Could someone explain this to me? Unless my math is wrong, the trip should take ~1.52 x 10^6 years, not 25 years (I'm assuming that the "trip to the edge of the observable universe" is referring to the radius of the universe, which I've read to be 1 500 000 light years), to the one in the spaceship. How is it that time is compressed for her?

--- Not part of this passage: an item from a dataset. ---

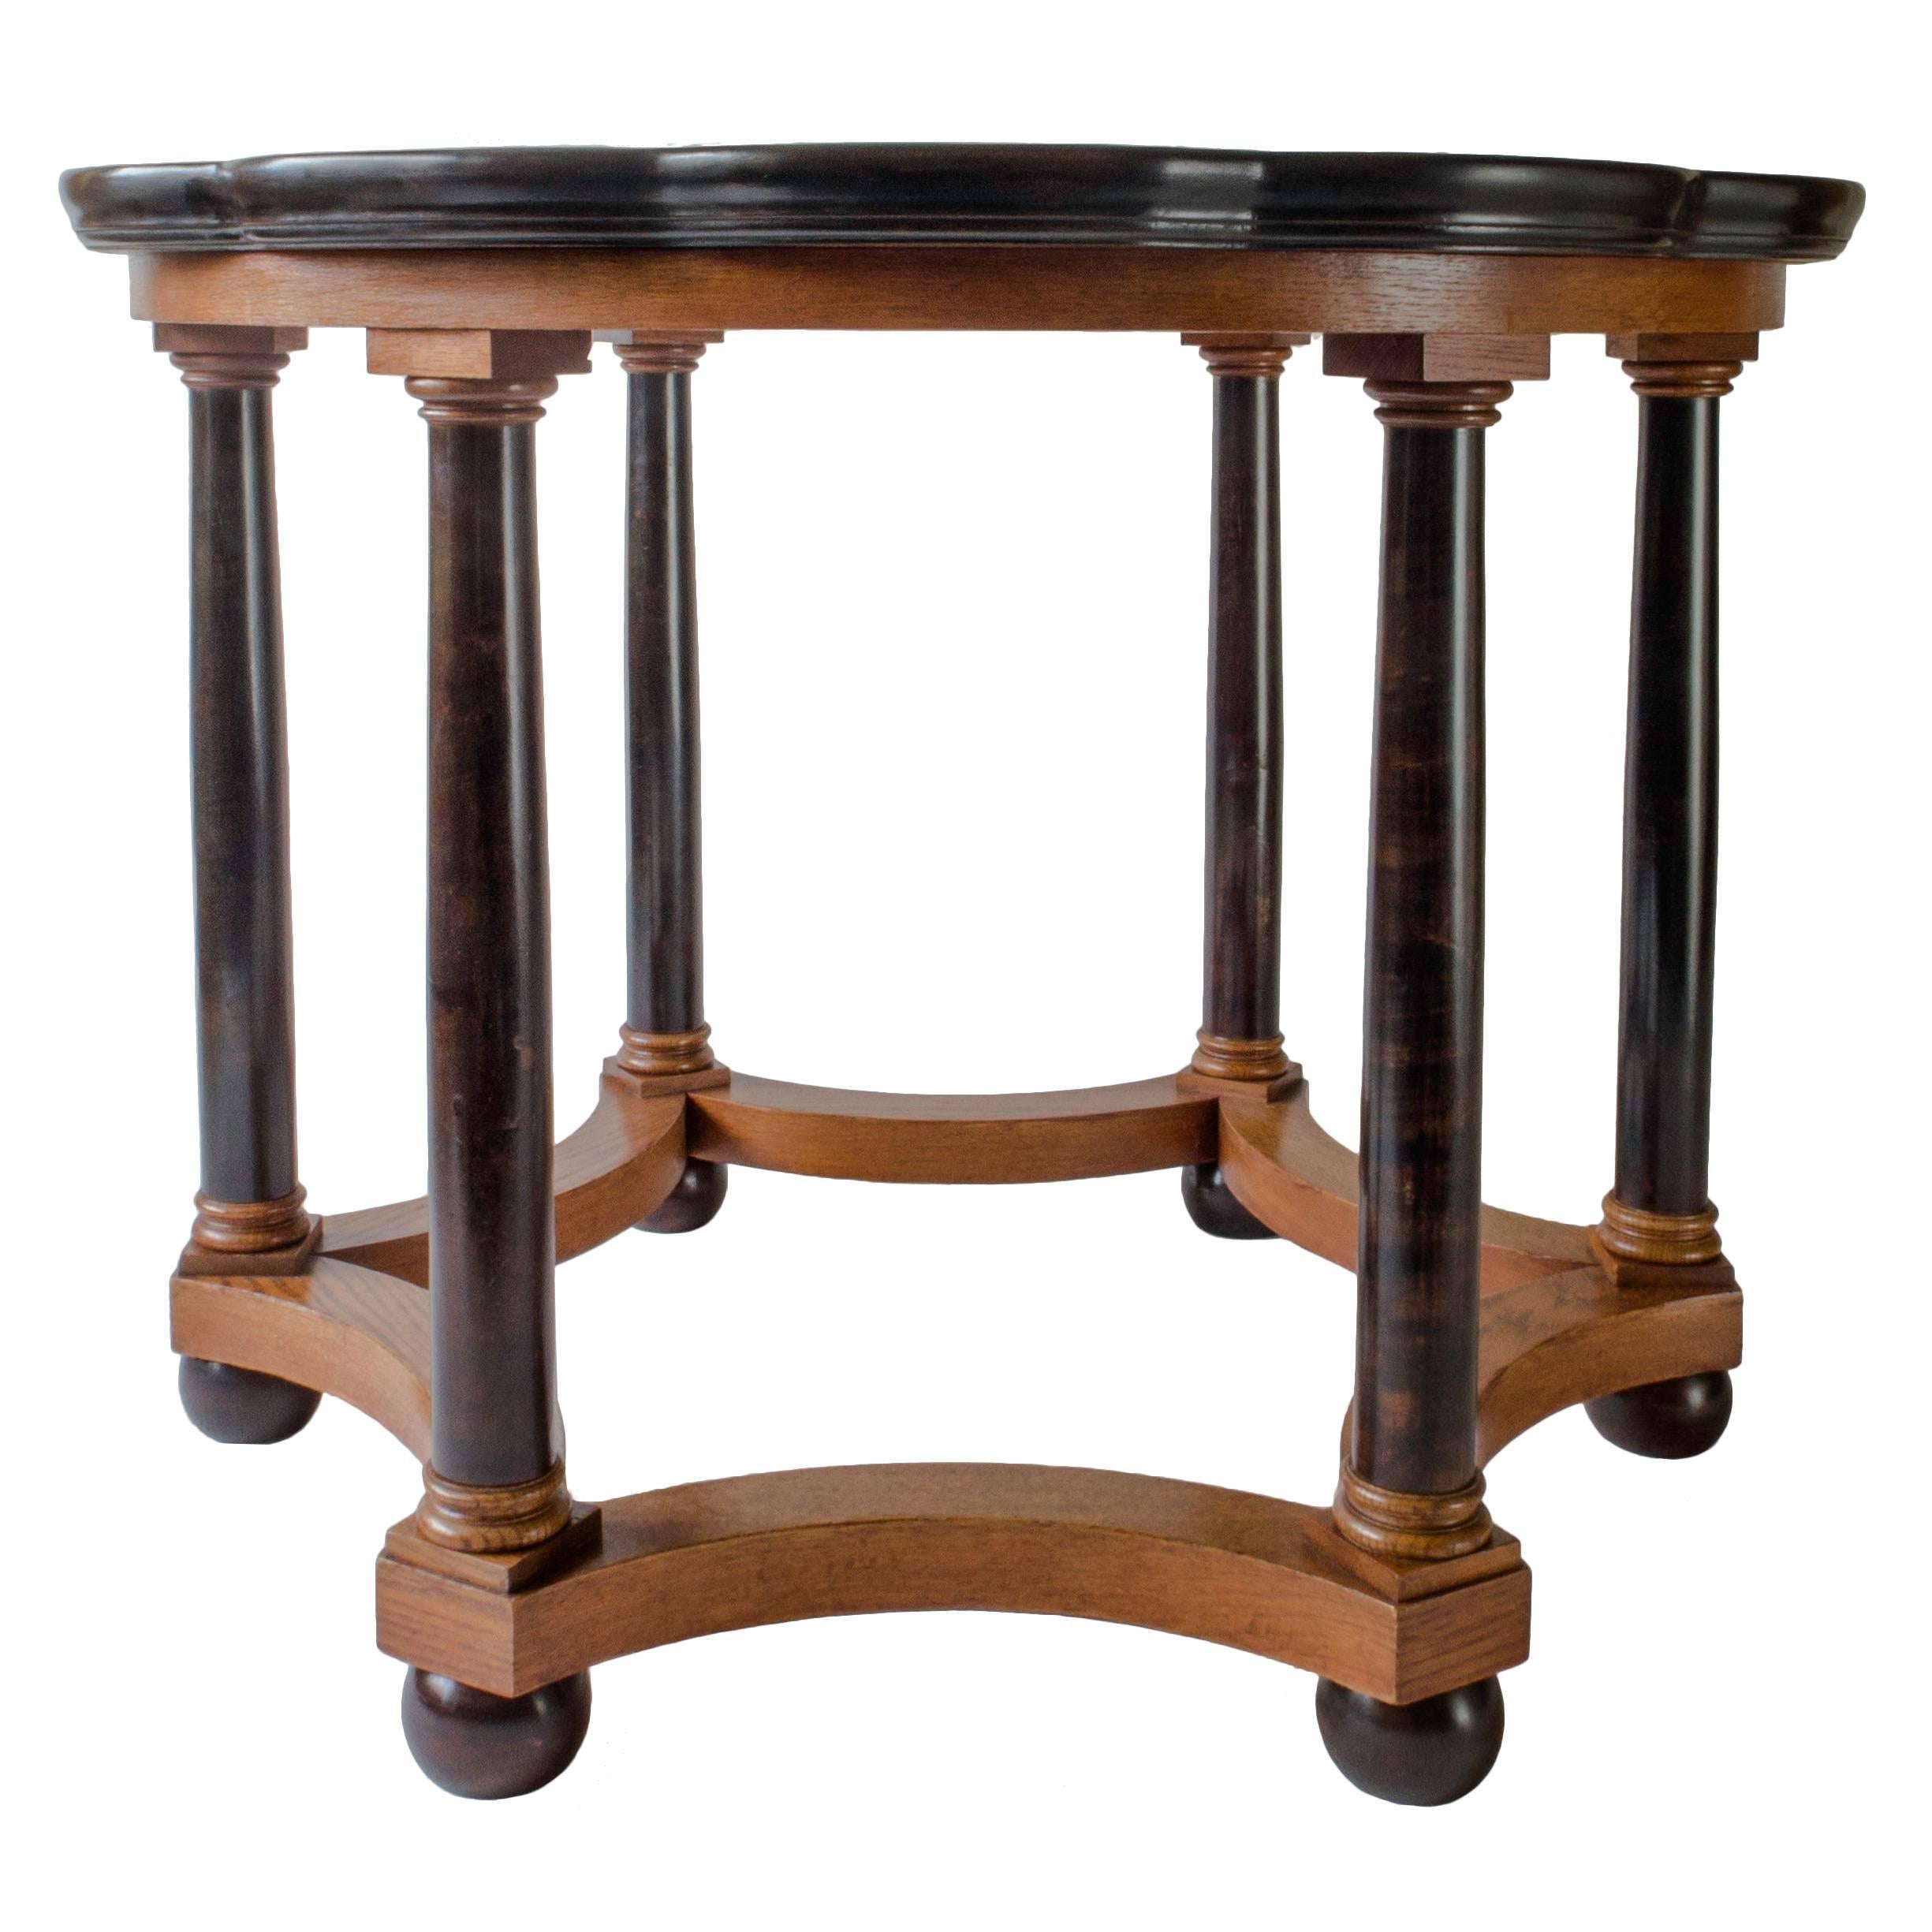 Professionally restored, in great condition and ready to add to your collection.

The dodecafoil top displaying oak and birch marquetry within a raised ebonized border, the conforming apron above ebonized birch columns with oak plinths and

Also, I've been having trouble finding a good explanation of the Twin Paradox. I know that because the twin in the spaceship has to change directions, he jumps from one frame of reference to another, but I haven't been able to find an explanation of why that means that their observations aren't contradictory. Anyone care to explain this to me, too?

Thanks in advance :).

[Ich]

It´s 1.52E6 universe time and 25 ship time, I assume. BTW: the observable universe is much larger.
Think of changing velocity similar to changing direction in spacetime. The one changing direction took a detour, ie not the straight line between two events. In Minkowski geometry, a detour is always shorter than the straight line. And path length in Minkowski space is proper time.

[Doc Al]

Could someone explain this to me? Unless my math is wrong, the trip should take ~1.52 x 10^6 years, not 25 years (I'm assuming that the "trip to the edge of the observable universe" is referring to the radius of the universe, which I've read to be 1 500 000 light years), to the one in the spaceship. How is it that time is compressed for her?
From the traveler's viewpoint, the distance has "contracted" to a small fraction of 1 500 000 light years, so her travel time is quite small according to her clocks. (To state a specific time, one would need to know her speed.) What you have calculated, I presume correctly, is the time of her trip according to Earth observers. (Per special relativity, Earth observers measure the space ship clocks to be running slowly, so everything is consistent.)

[Best of the Worst]

From the traveler's viewpoint, the distance has "contracted" to a small fraction of 1 500 000 light years, so her travel time is quite small according to her clocks.
Hmm... I didn't really read up much on Length Contraction, but what I read was that it's the object itself, and not the distance travelled, that contracts as its speed approaches c. In any case, what's the principle that states that travel distance contracts as speed approaches c?

[JesseM]

Hmm... I didn't really read up much on Length Contraction, but what I read was that it's the object itself, and not the distance travelled, that contracts as its speed approaches c. In any case, what's the principle that states that travel distance contracts as speed approaches c? If two objects are moving at the same constant velocity in my frame (two galaxies, say), then whatever the distance between them in their own mutual rest frame, that distance will be shrunk in my frame by the same factor as each object's length is shrunk. Either type of shrinkage is called "Lorentz contraction".

[Best of the Worst]

Cool. Thanks for the replies.